You see face monsters every day. Especially if you work on the Upper East Side of Manhattan. Or, if you serve on the board of an impressive, yet elitist arts organization. Or, if you sell coats for tiny dogs.

[Note: I've focused on women here, but of course there are male face monsters. Think any man wearing Ralph Lauren. Or, men with a tan after November. Also, any Southern politician.]

I don’t want to brag, but I think I think “face monster” amazingly poetic. Succinct and true, it highlights an overlooked detail of experience and shows it to be universal. Words have the power to do that. They can say, “Hey, you may feel isolated and adrift, but at least we can all agree that this lady in the fur coat and yoga pants is a horrible face monster.” You see? You’re not alone.

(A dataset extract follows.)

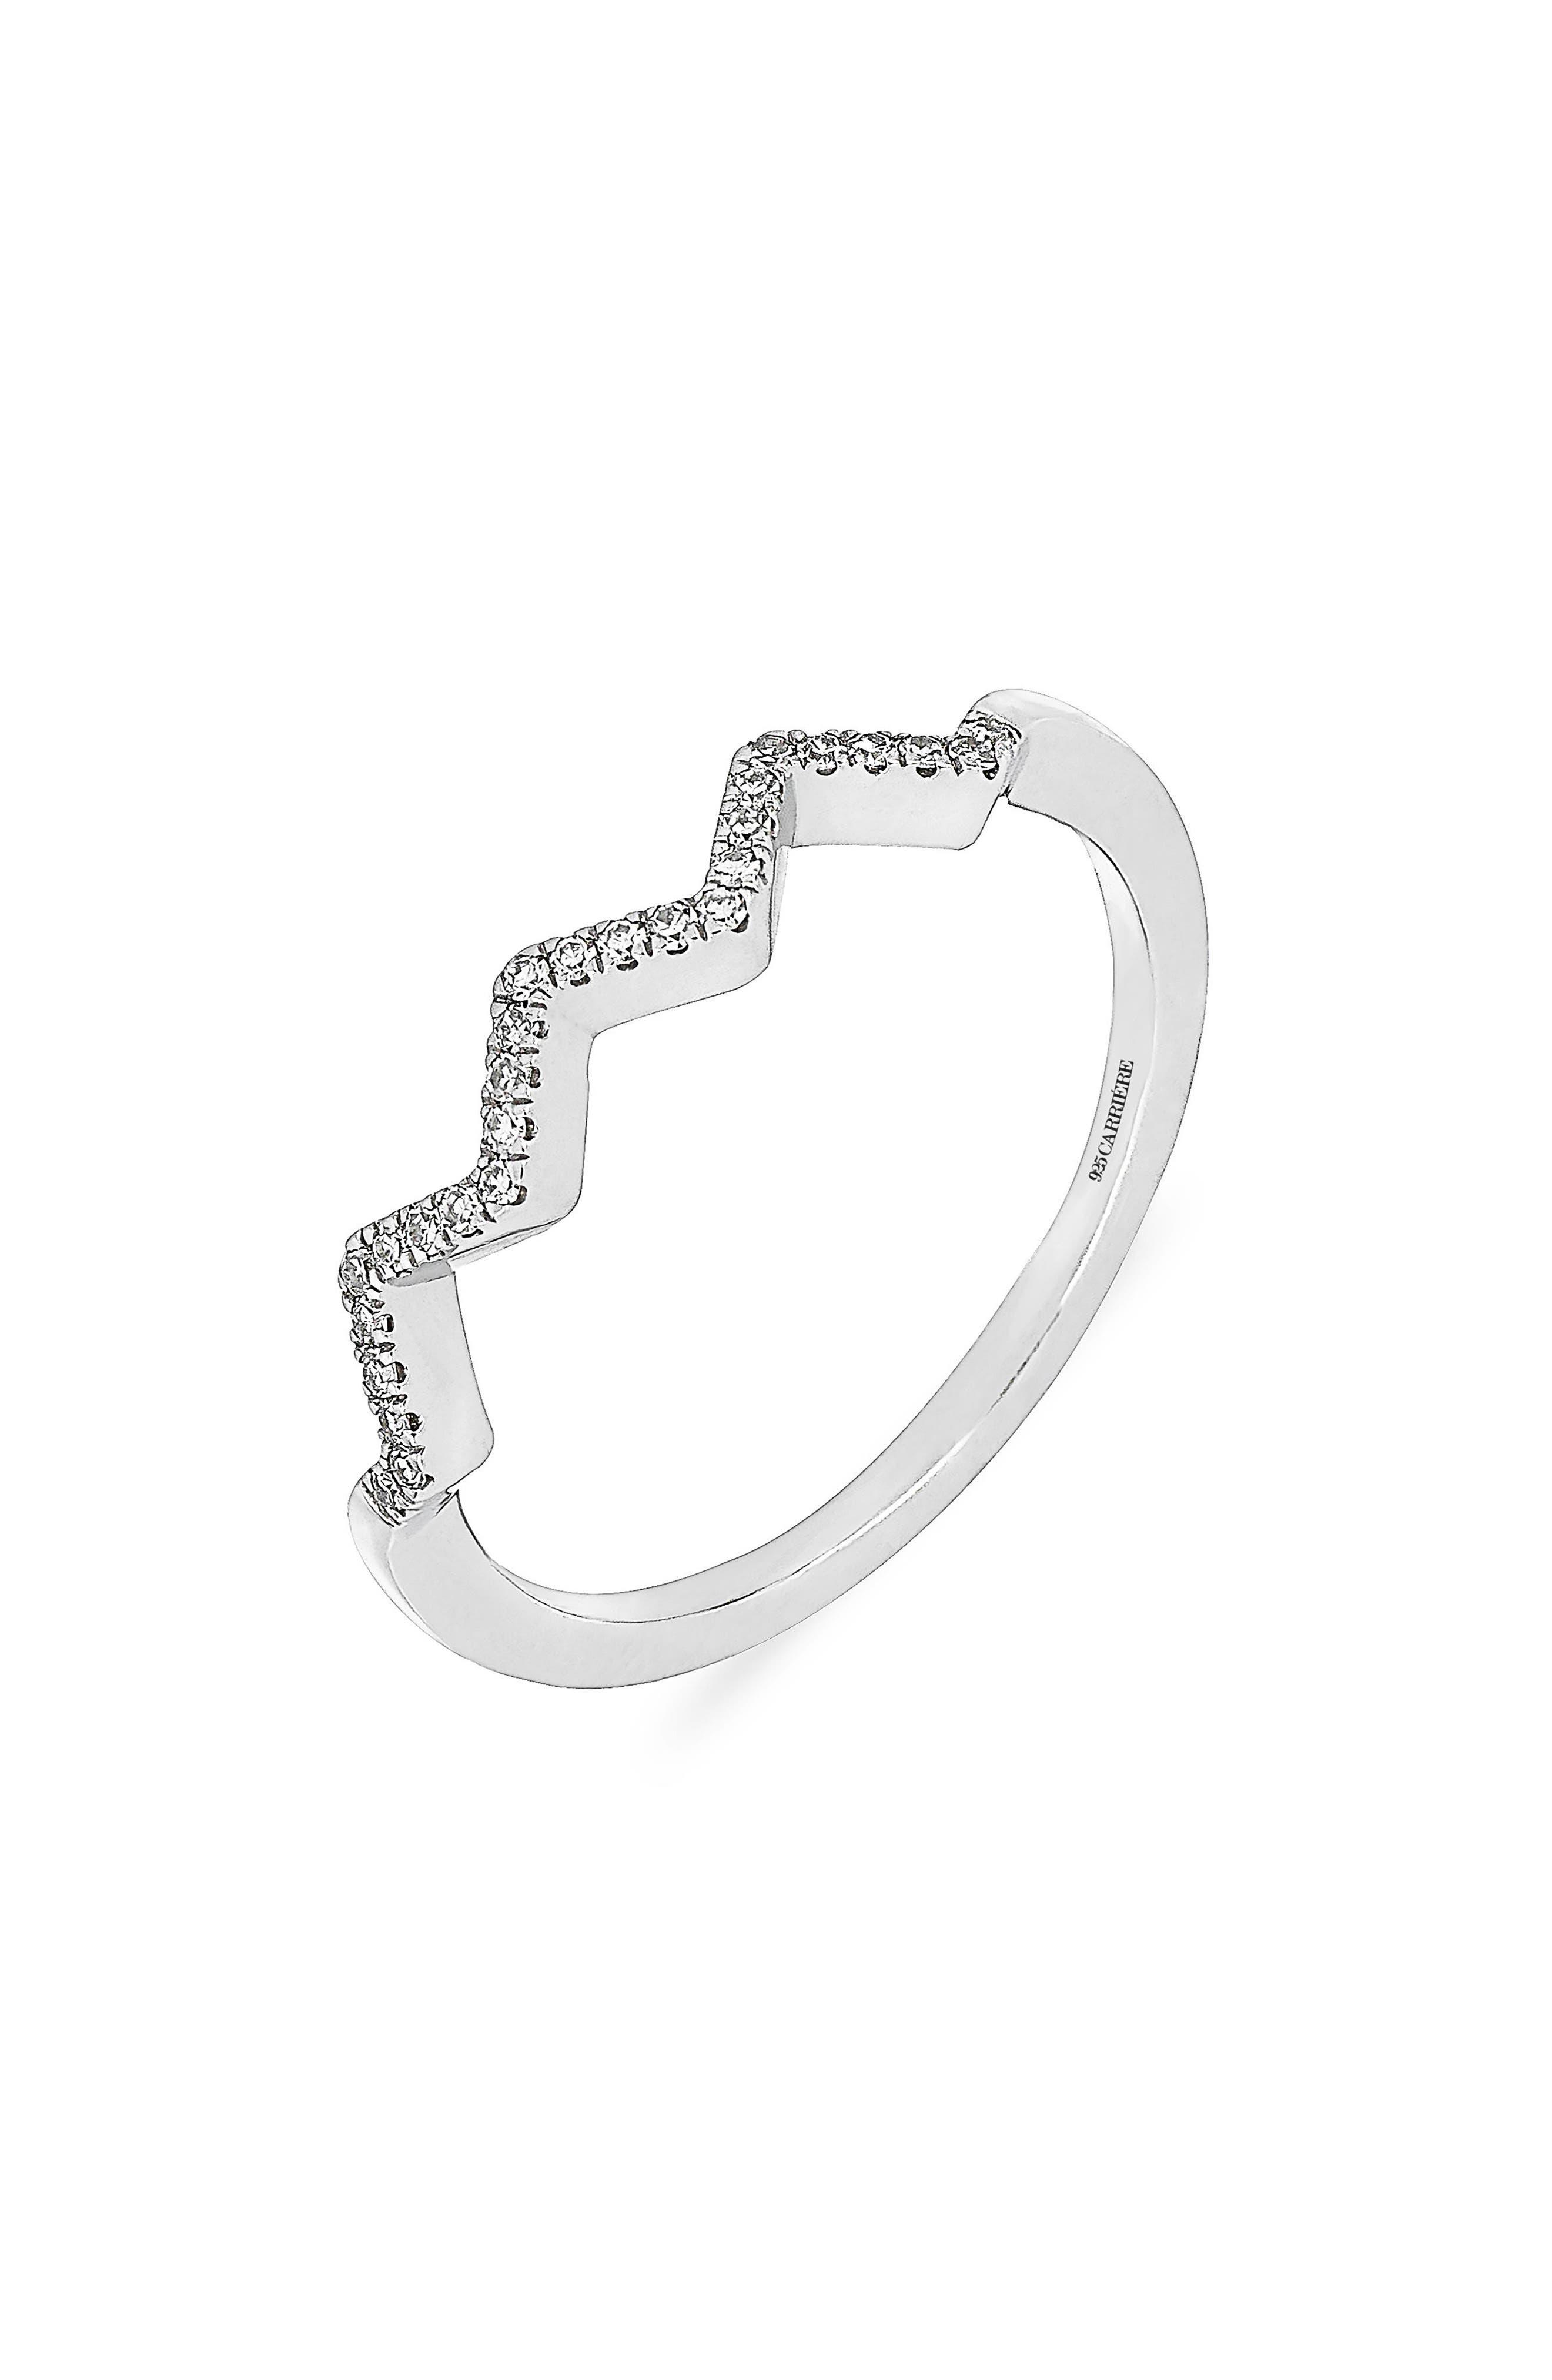 Carrière Zigzag Diamond Ring,                         Main,                         color, Silver/ Diamond

According to responses to my Facebook status, the term “face monster” is spreading like wildfire. It’s already reached the West Coast. It makes sense. That is the epicenter of face monsterism. But, interestingly, it just as quickly penetrated the heartland. One responder has already begun describing suburban Wisconsinites as face monsters. Interesting, right?

I expect it to reach across the entire globe soon. Especially now that I’ve posted it to this blog. I’ve read The Tipping Point. I know how this shit works.

Soon--maybe as early as tomorrow--some young child in the Luxembourg will look up at his grandmother. He’ll see her Hermes scarf and the tiny lip scab from the morning’s collagen injection. And, at that moment, he will finally have a word for her. “Face monster.”

You’re welcome, little boy … You’re welcome.